=== Section Start ===

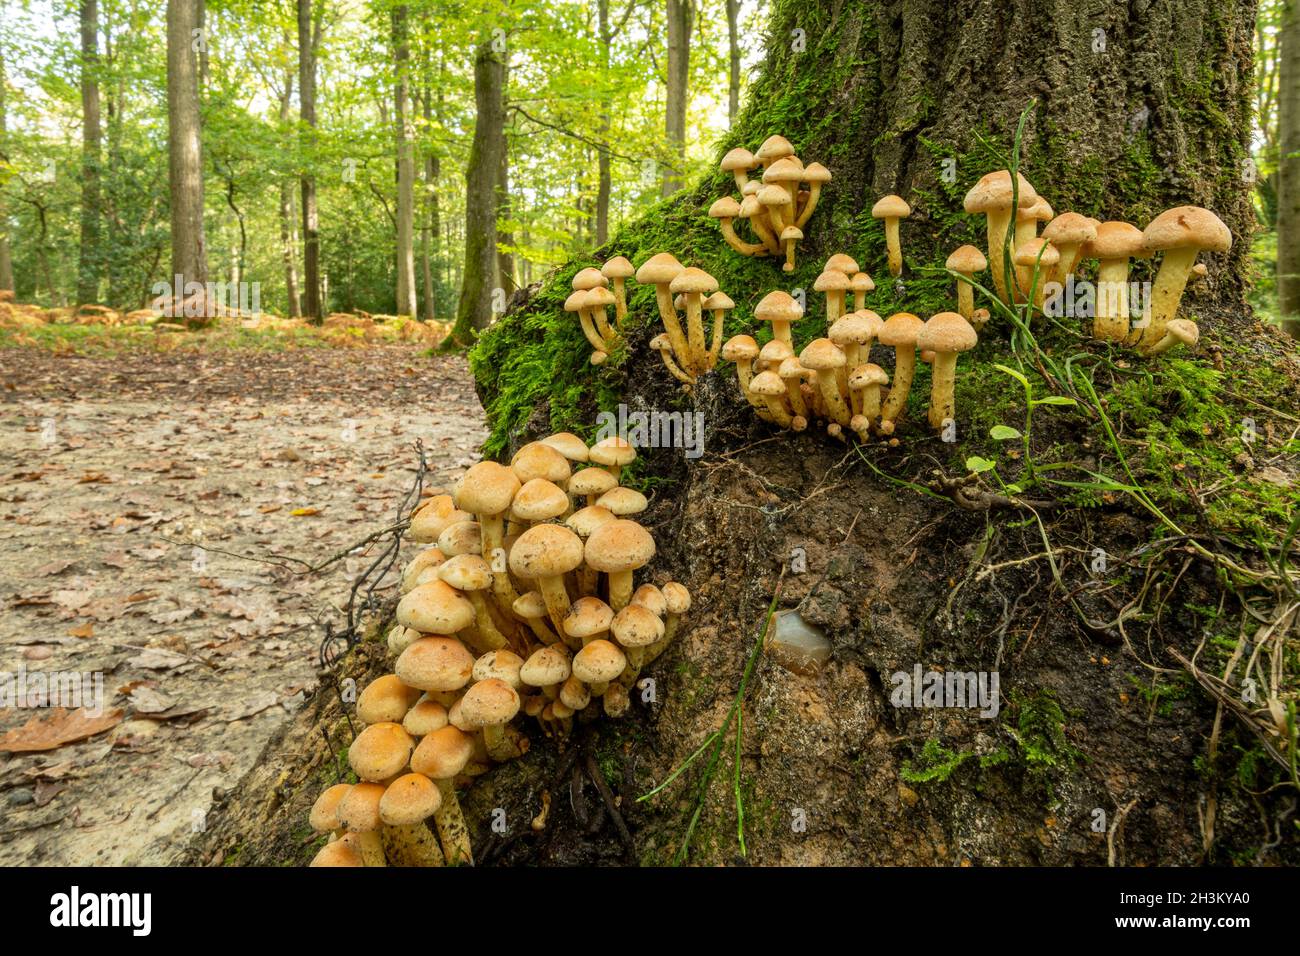 Funghi di tuft di zolfo (Hypholoma fasciculare) o toadsgools che crescono al fondo di un tronco di albero maturo in boschi di latifoglie durante l'autunno, Inghilterra, Regno Unito Foto Stock
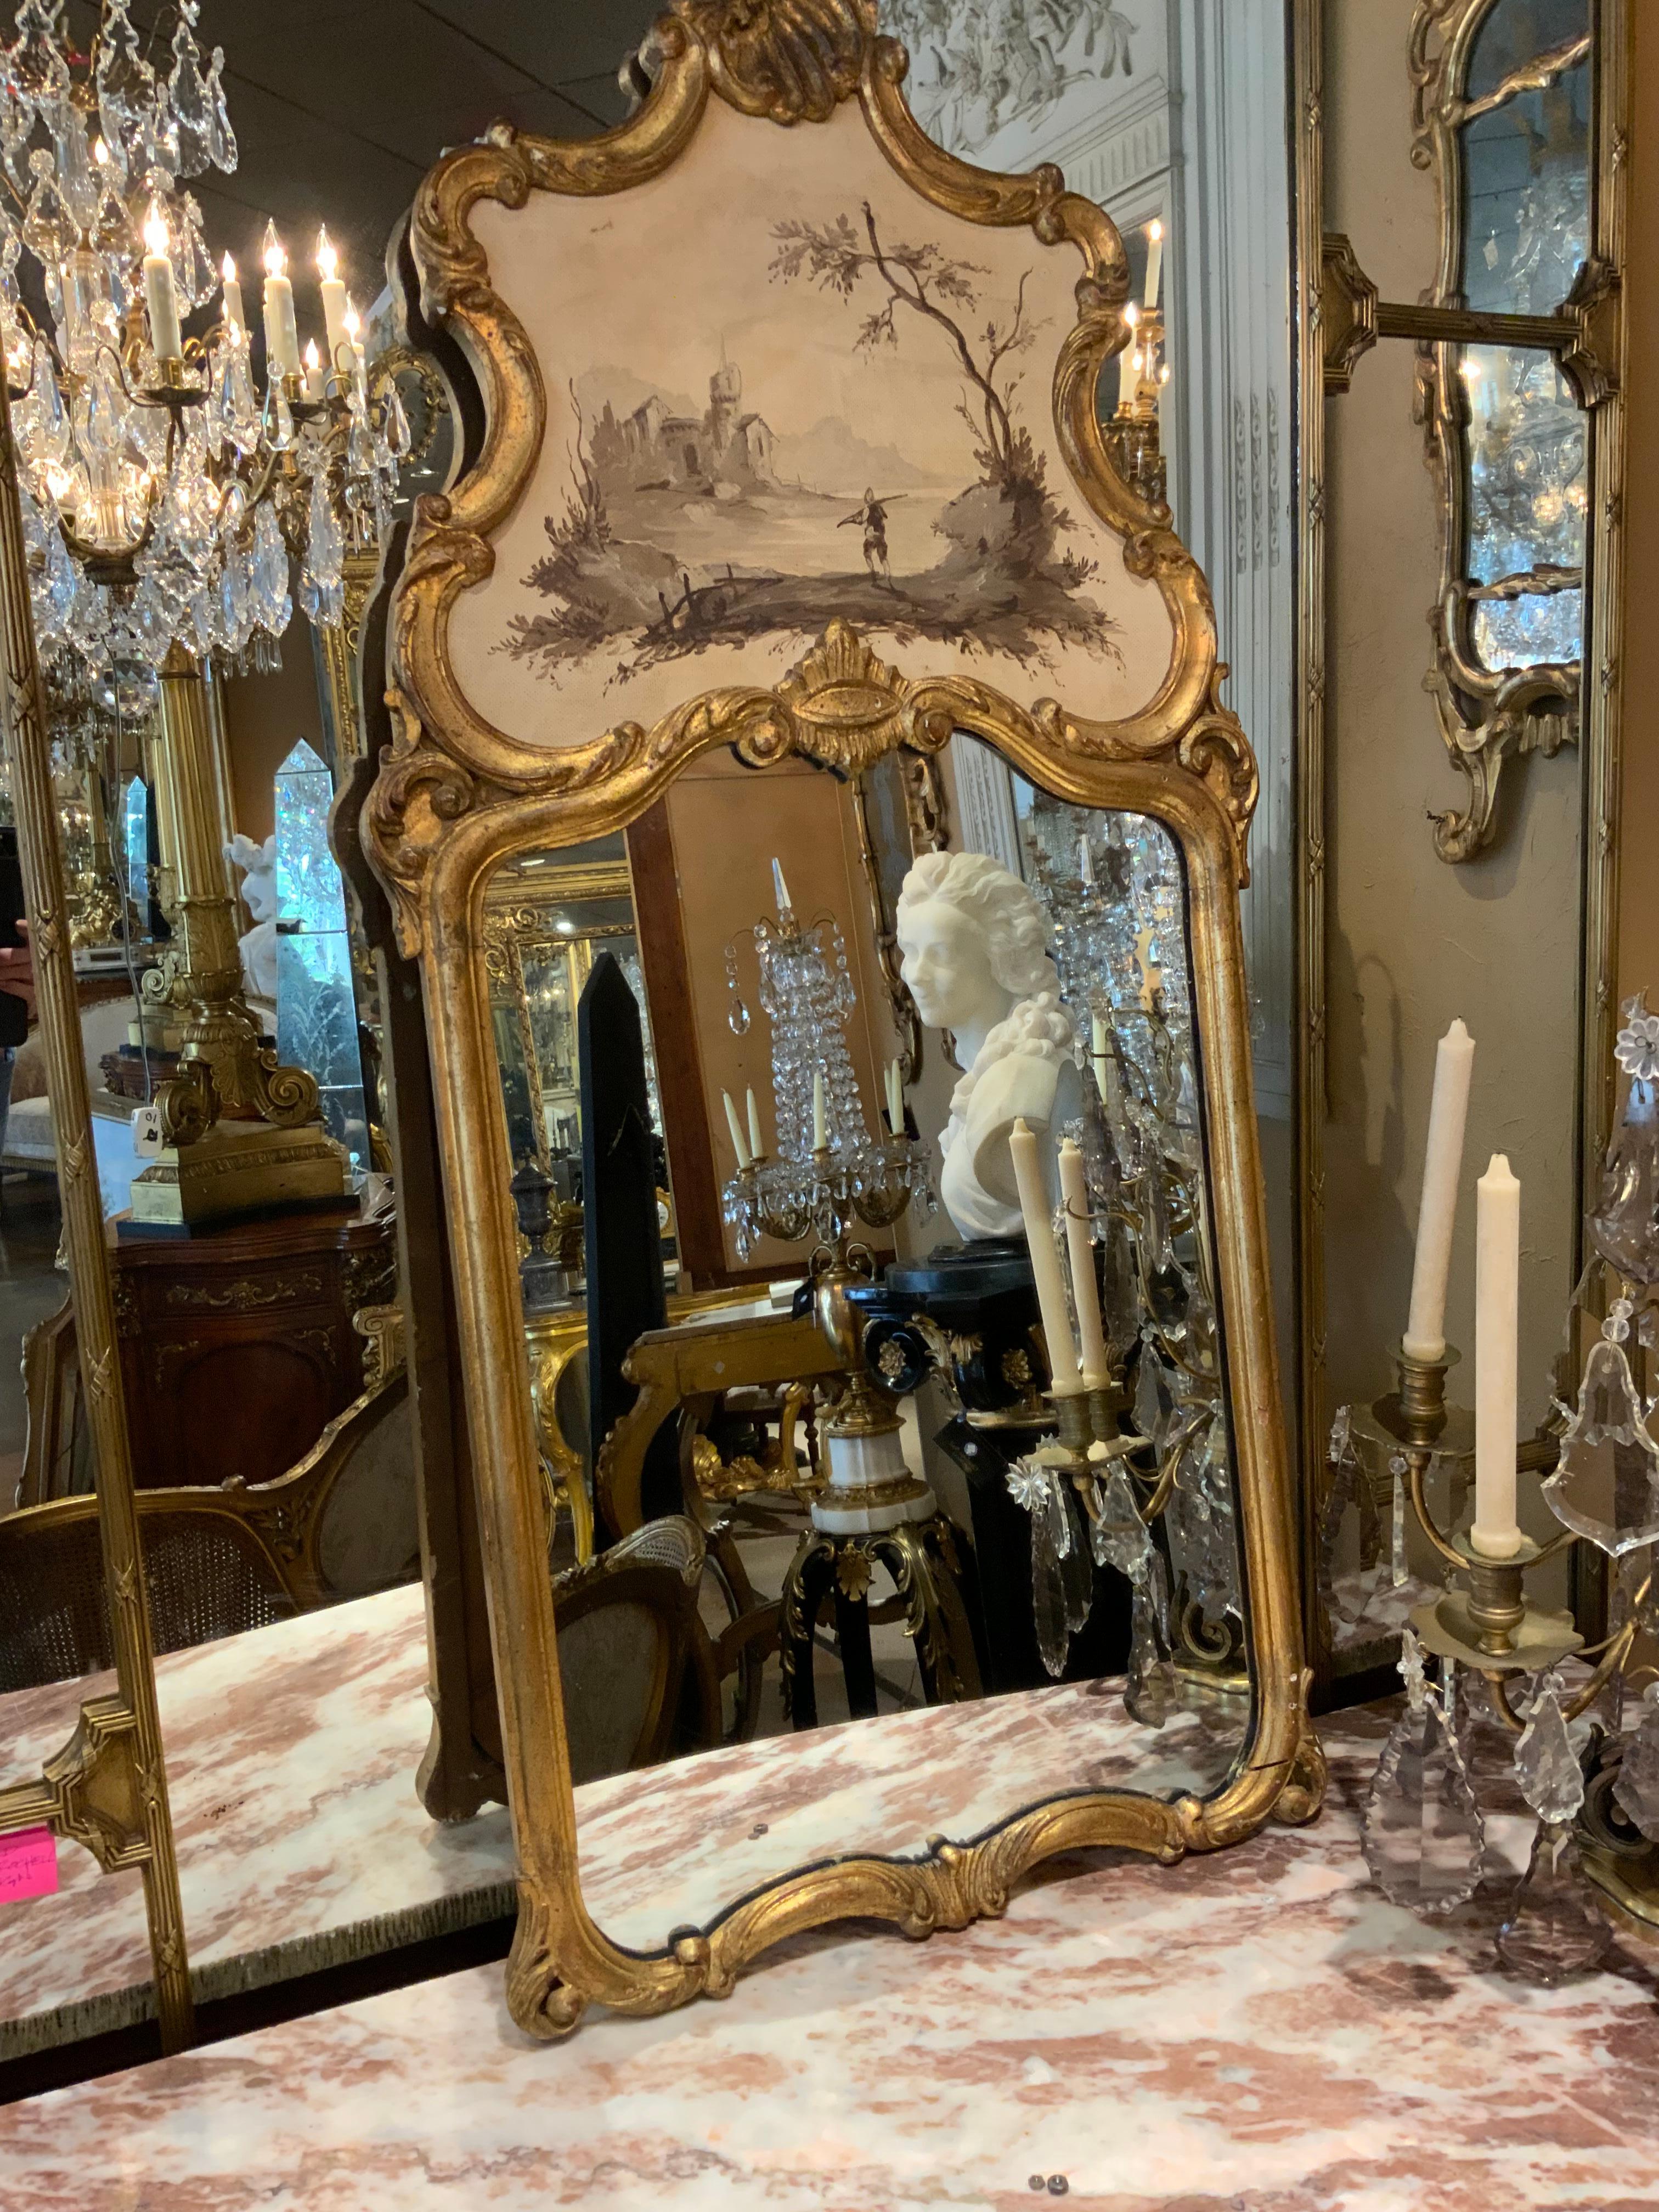 Diese außergewöhnlichen Spiegel sind im Stil des venezianischen Rokoko gehalten.
Sie haben Rokoko-Einfassungen mit Schnitzereien, wobei die obere
Tafeln mit handgemalten Figuren in Landschaften verziert
En grisaille. Der Hintergrund der

=== Section End ===

* **Work instruction**
Beginning with the line in which "Tafeln mit handgemalten" appears, print each remaining line of the listing exactly, the last line included.

* **Response to this exercise**
Tafeln mit handgemalten Figuren in Landschaften verziert
En grisaille. Der Hintergrund der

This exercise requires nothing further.